The new Greek government is trying to renegotiate the terms of its debt to the rest of the EU and IMF and wants to end the 2010 bailout – largely funded by Berlin – negotiated by its predecessor during the Eurocrisis which mandates economic austerity that Athens says kills any chance for growth.

German Finance Minister, Wolfgang Schäuble, has been using insultingly undiplomatic language to tell his Greek counterpart – with an eye to his own taxpayers – that Berlin has been generous enough already and will not countenance further debt forgiveness.

The Greek Prime Minister, Alexis Tsipras, responded – also with an eye to his political supporters – by reviving claims that Berlin pay reparations for Germany’s harsh wartime occupation.

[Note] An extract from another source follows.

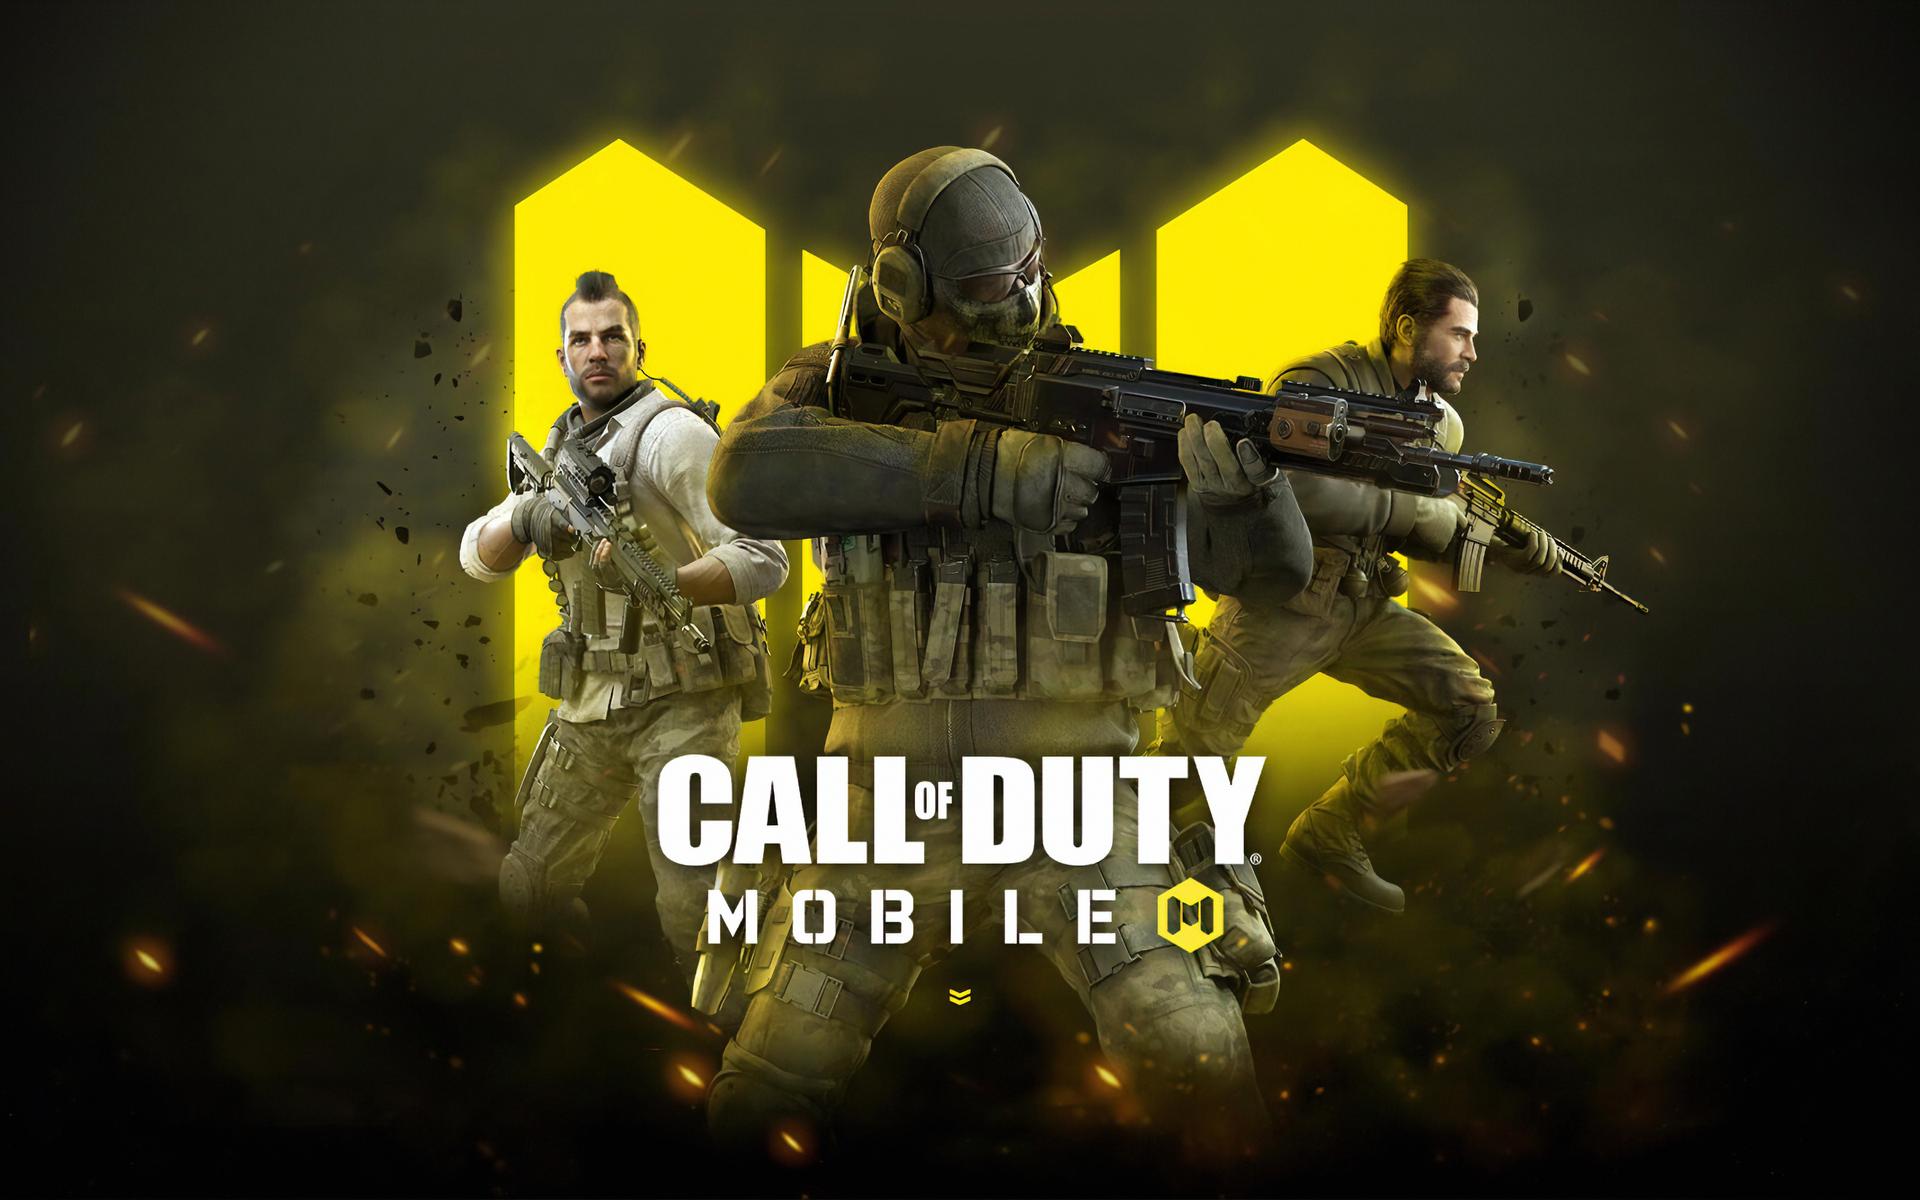 call-of-duty-mobile-4k-2019-he.jpg

But instead of trying to emolliate Athens, as German governments of the past might have, the response of Chancellor Merkel’s spokesperson, Steffen Seibert, was dismissive “the question of reparations and compensation is legally and politically closed”.

It is no secret to anyone in Europe that the Eurocrisis means Germany is now the continent’s undisputed political as well as economic leader. Berlin’s traditional policy of hiding its economic strength by letting France take the political lead is no longer viable given current French weakness.

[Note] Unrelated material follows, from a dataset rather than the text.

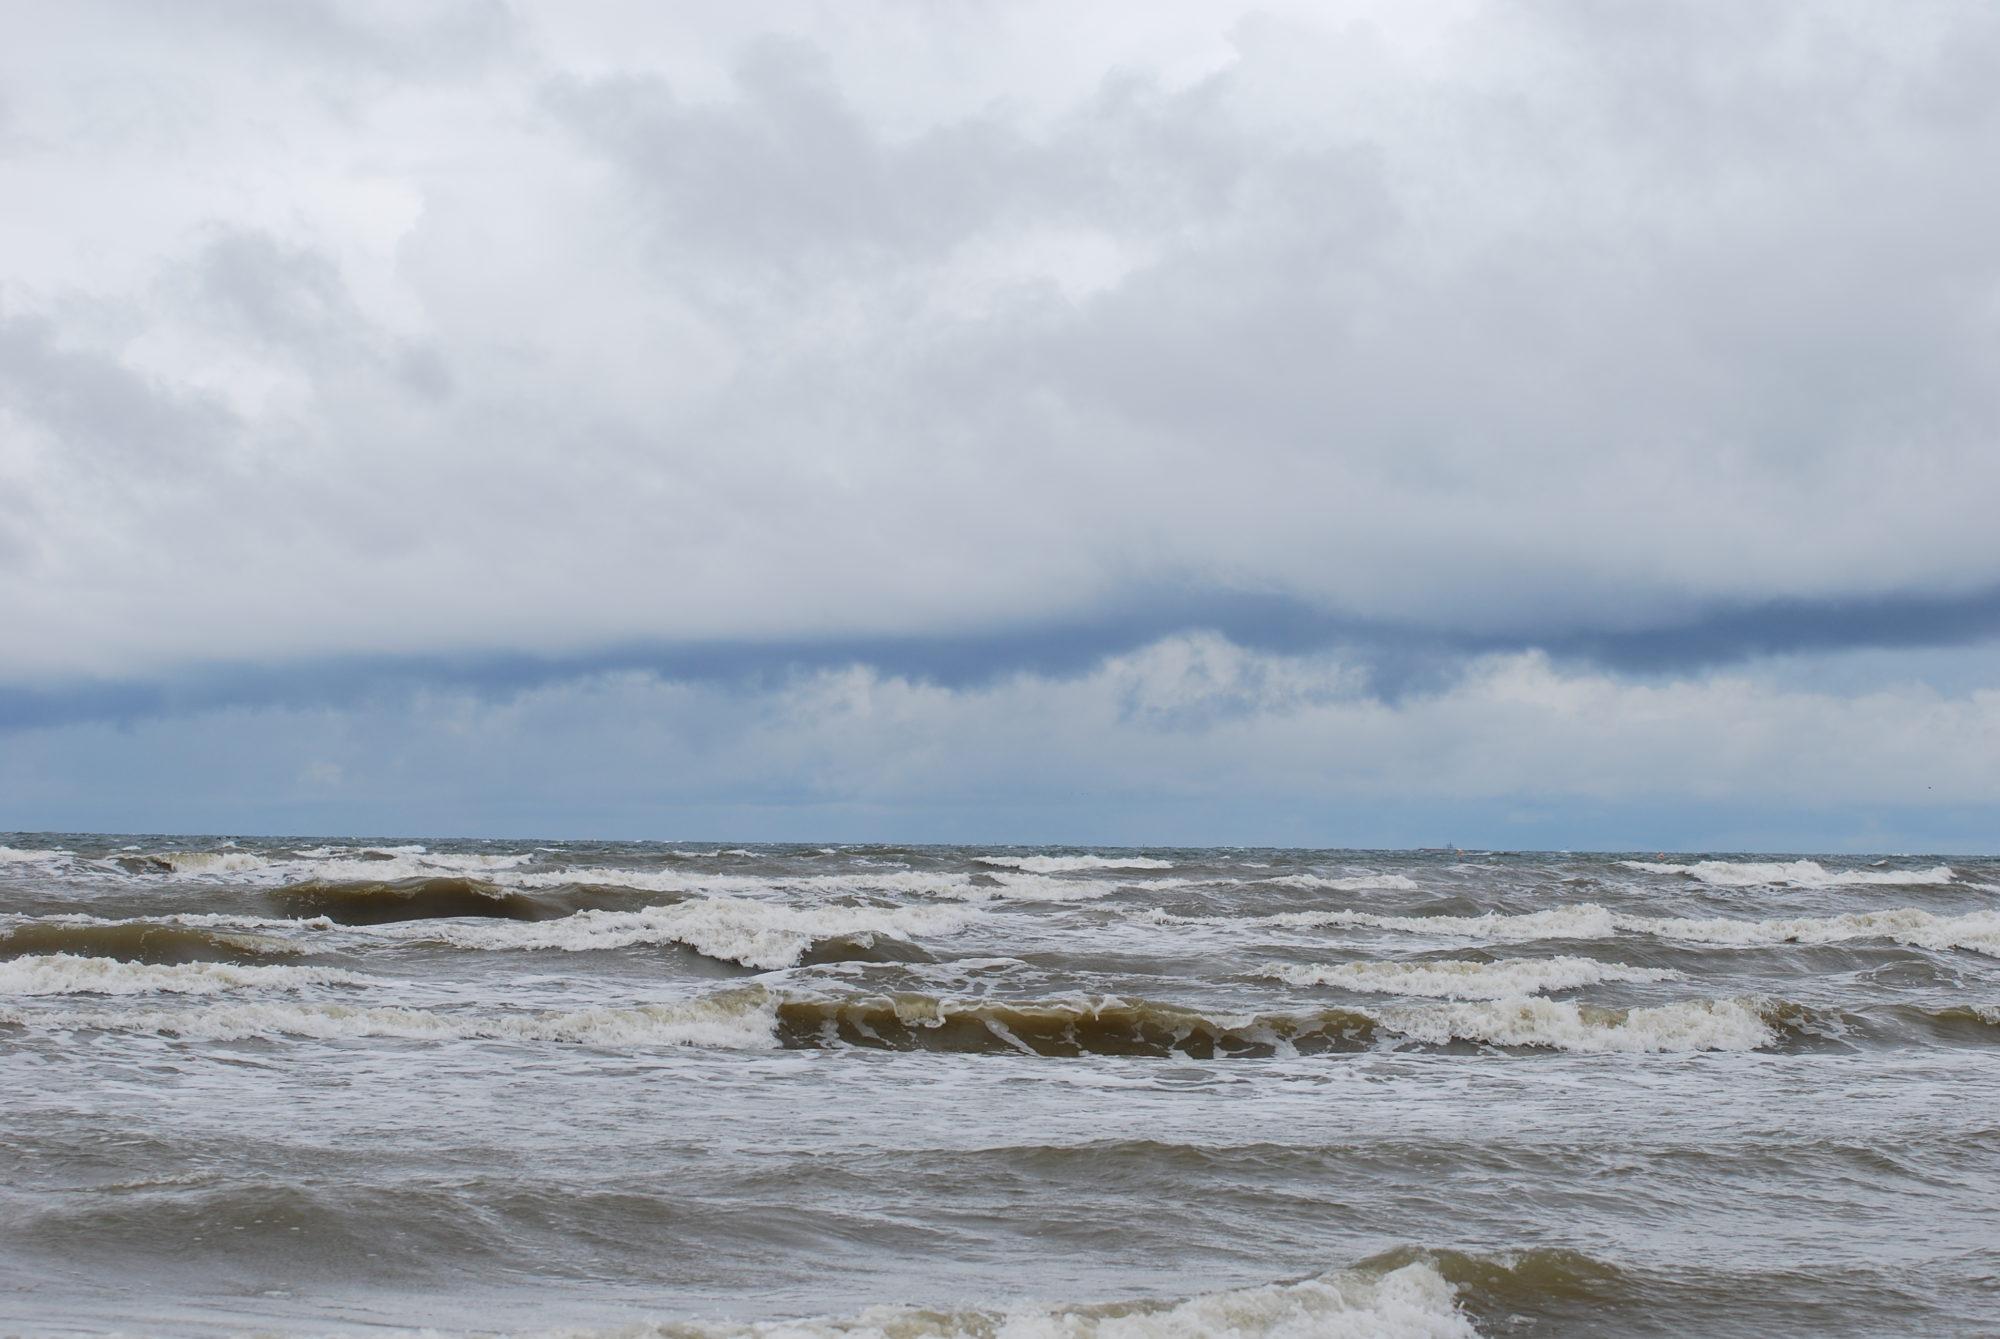 На Лиепайский пляж вымыто похожее на пальмовое масло вещество; угрозы для здоровья жителей и среды нет
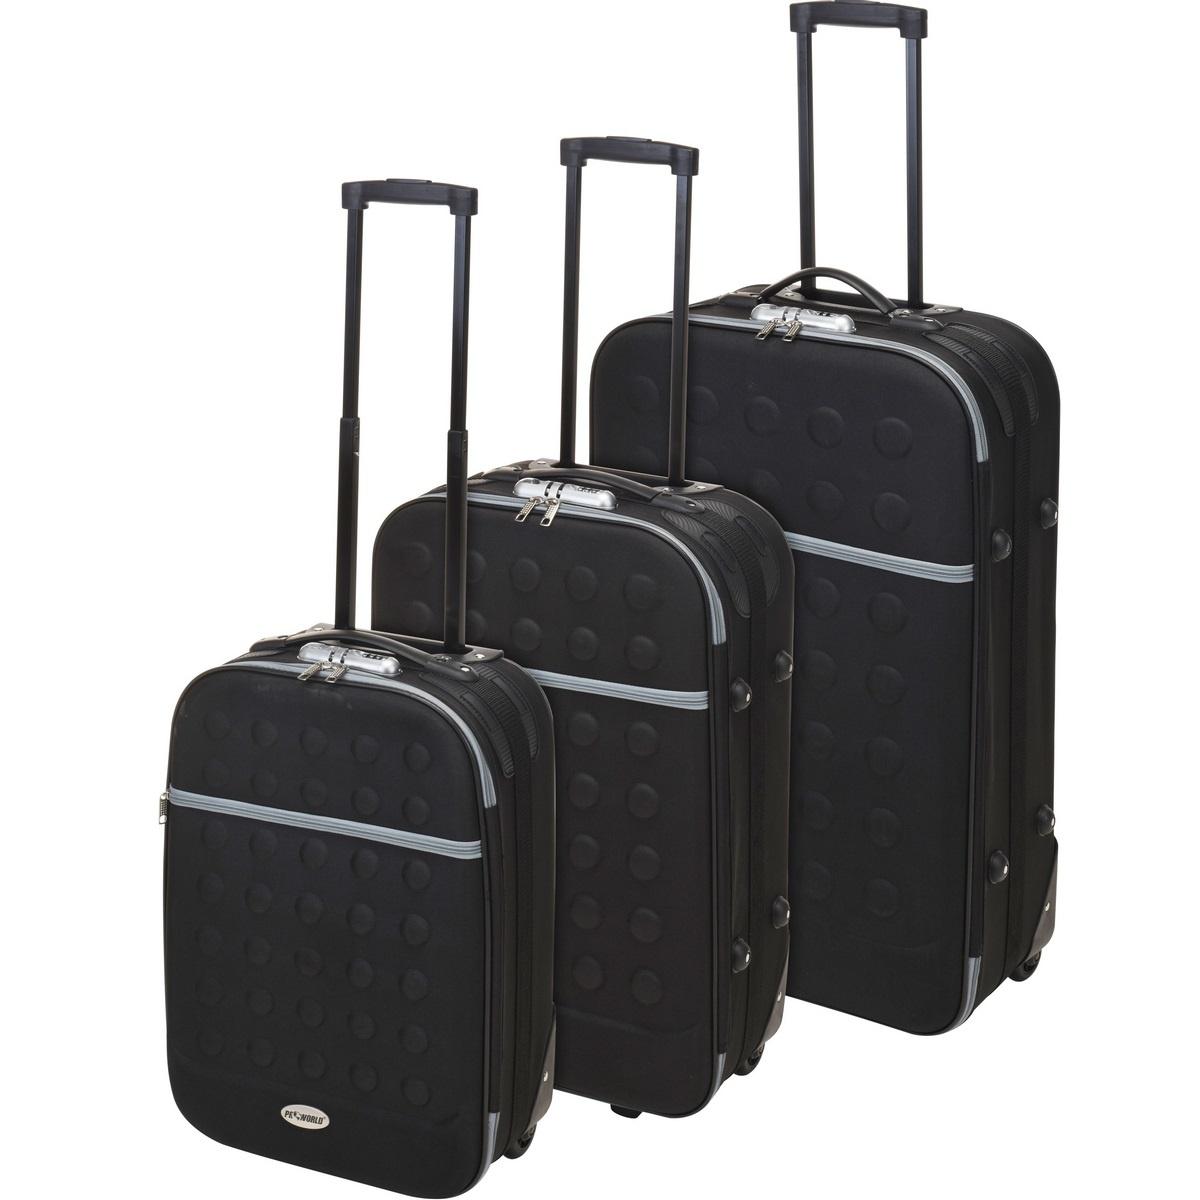 Koopman Sada textilních kufrů na kolečkách 3 ks, černá

It is also obvious when talking privately to Germans born since 1945 that they are increasingly tired of being reminded of what their grandparents’ generation did and feel others use the Nazi past to justify freeloading on their generosity.

But Germany is now risking undermining its newfound leadership by appearing arrogant and overplaying its hand.

It is not just the Greeks who are beginning to chafe at Berlin’s attitude. There is growing anti-German sentiment in Italy too. Outside the EU, Germany has taken the lead role in pressurising Serbia to accept the secession of Kosovo reviving many Serbs’ historical distrust and resentment of Berlin’s wartime record.

The EU works by consensus and goodwill to build common interests and Germany has prospered since 1945 by pooling sovereignty with its former enemies and appearing unthreatening.

But circumstances change and now demand Berlin take a more active leadership role in Europe because it is the only country economically strong enough to bail out its partners and save the Euro.

However, it is one thing to lead by force majeure and quite another to take people with you.

Germany and the rest of EU face tough enough challenges trying to revive economic growth and ensure the Euro has a future.

If Berlin abandons the modesty that has reassured the rest of the world it no longer harbours the desire to dominate and awakens the ghosts of the past by lecuring others and deliberately reminding its neighbours just how powerful it is, it will make the job of leadership even harder and risk undermining its newfound role before it takes root.